Overall, Calvin has higher throughput scalability than Spanner for transactional workloads where concurrent transactions access the same data. This advantage increases with the distance between datacenters.


In order to implement deterministic transaction processing, Calvin requires the preprocessor to analyze transactions and potentially “pre-execute” any non-deterministic code to ensure that replicas do not diverge. This implies that the preprocessor requires the entire transaction to be submitted at once. This highlights another difference between Calvin and Spanner --- while Spanner theoretically allows arbitrary client-side interactive transactions (that may include external communication), Calvin supports a more limited transaction model.
There are some subtle, but interesting differences between Calvin and Spanner in rare situations where every single replica for a shard is unavailable, or if all but one are unavailable, but these differences are out of scope for this post.

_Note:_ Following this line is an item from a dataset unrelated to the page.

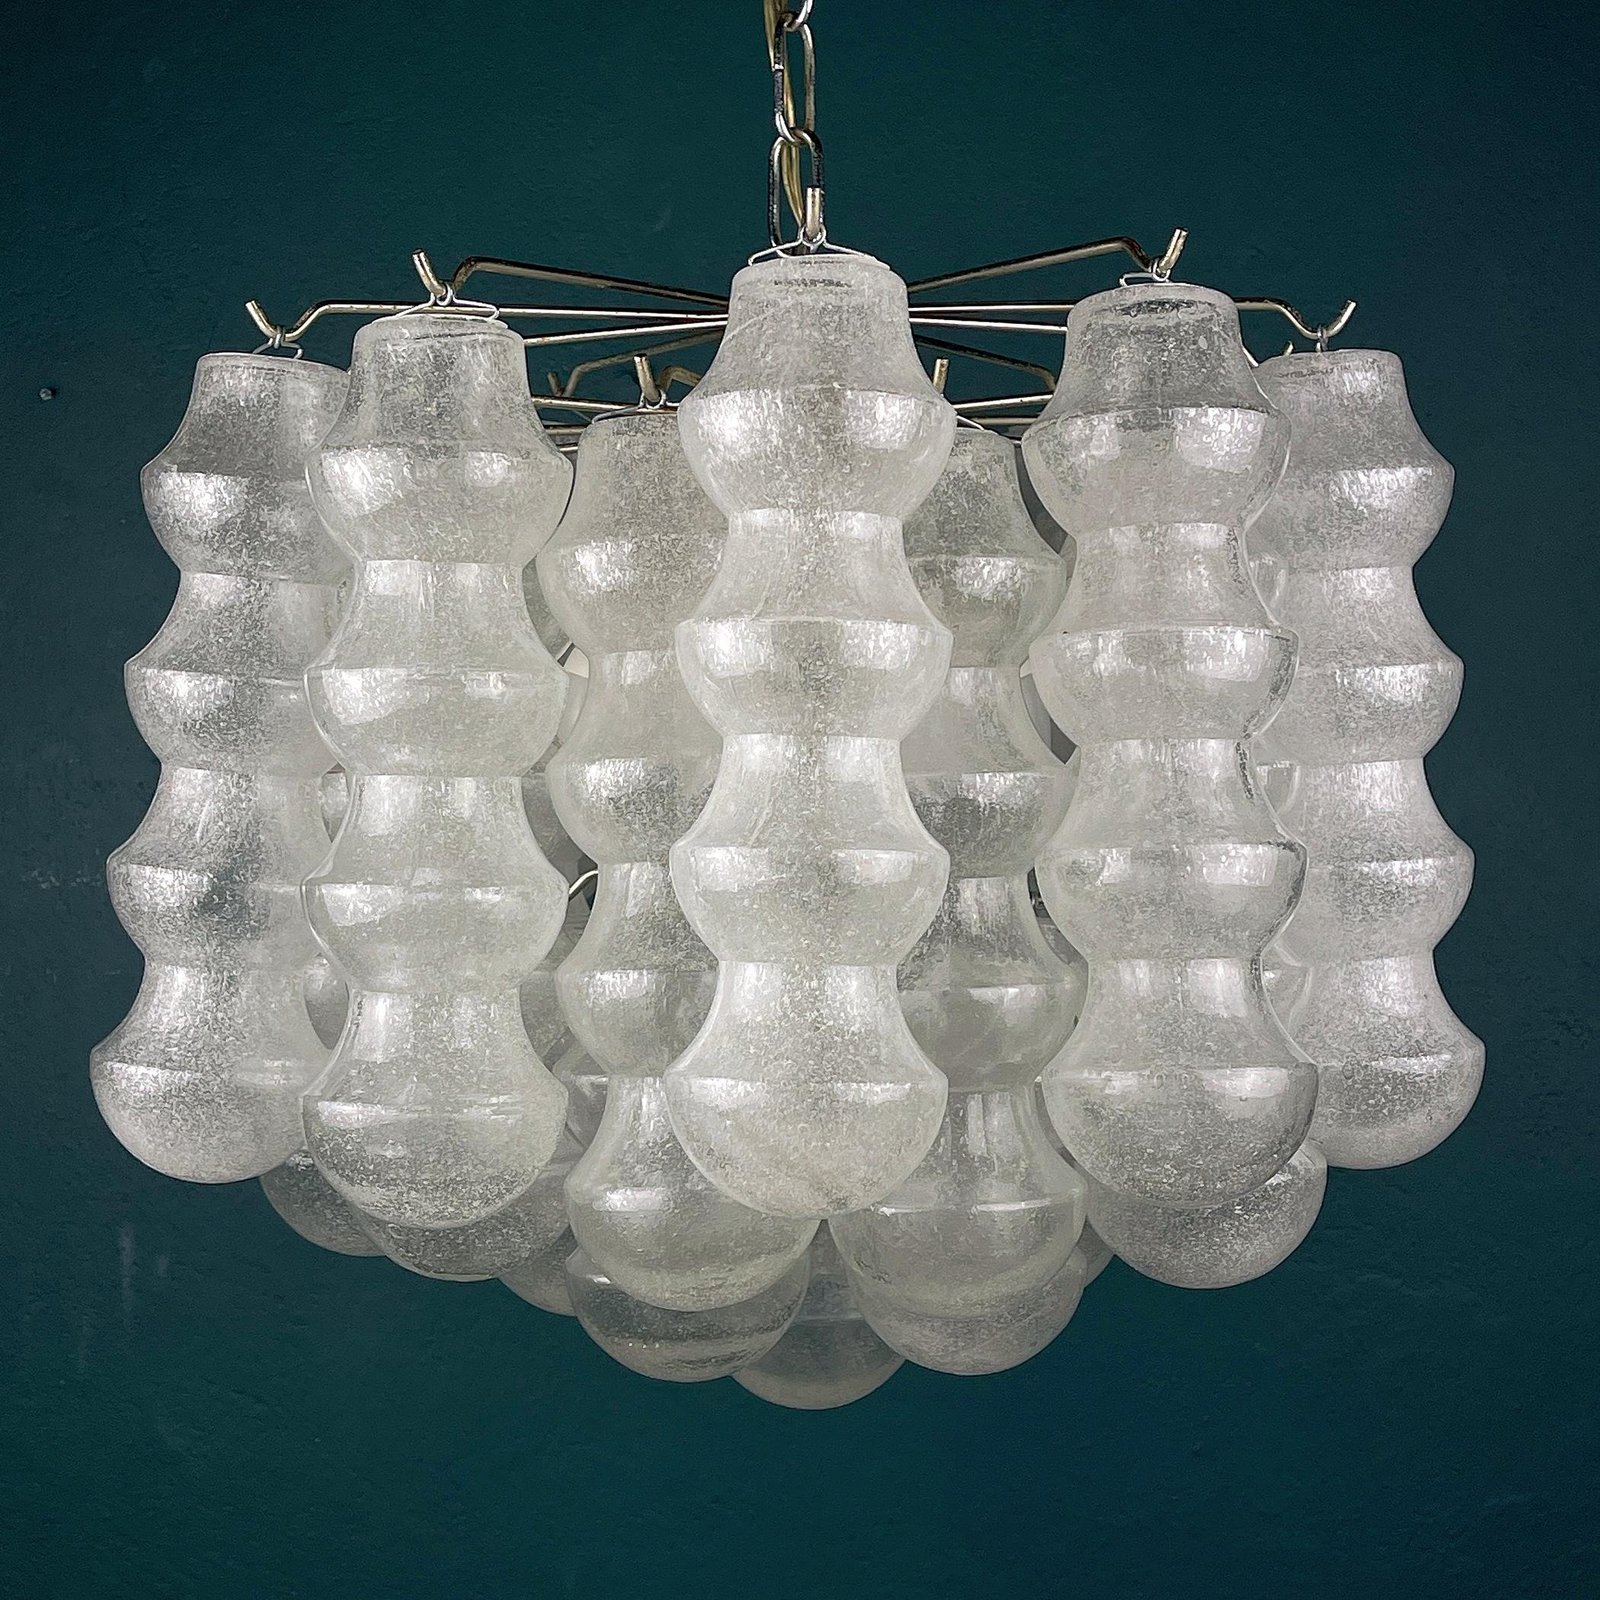 Mid-century murano glass chandelier Italy 1960s Italian home decor Vintage lighting
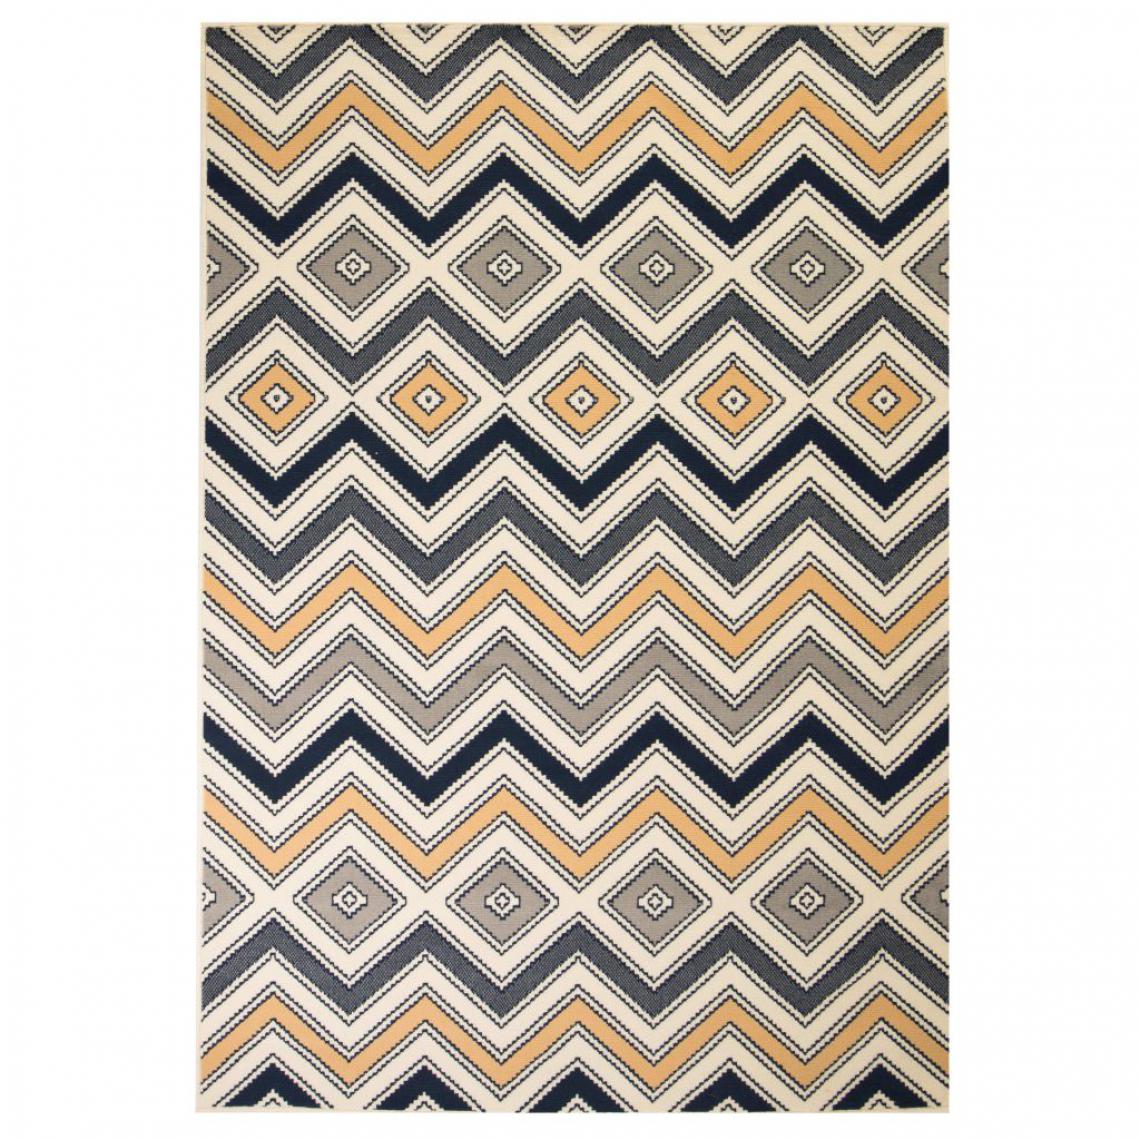 Chunhelife - Tapis moderne Design de zigzag 120 x 170 cm Marron/Noir/Bleu - Tapis

I’m obviously biased in favor of Calvin, but in going through this exercise, I found it very difficult to find cases where an ideal implementation of Spanner theoretically outperforms an ideal implementation of Calvin. The only place where I could find that Spanner has a clear performance advantage over Calvin is for latency of read-only transactions submitted by clients that are physically close to the location of the leader servers for the partitions accessed by that transaction. Since any complex transaction is likely to touch multiple partitions, this is almost impossible to guarantee in a real-world setting.
However, many real-world workloads do not require client-side interactive transactions, and furthermore only need transactional support for writes and are satisfied with performing reads against a snapshots (after all, this is the default isolation model of many SQL systems). It seems to me that Calvin is the better fit for a large class of modern applications.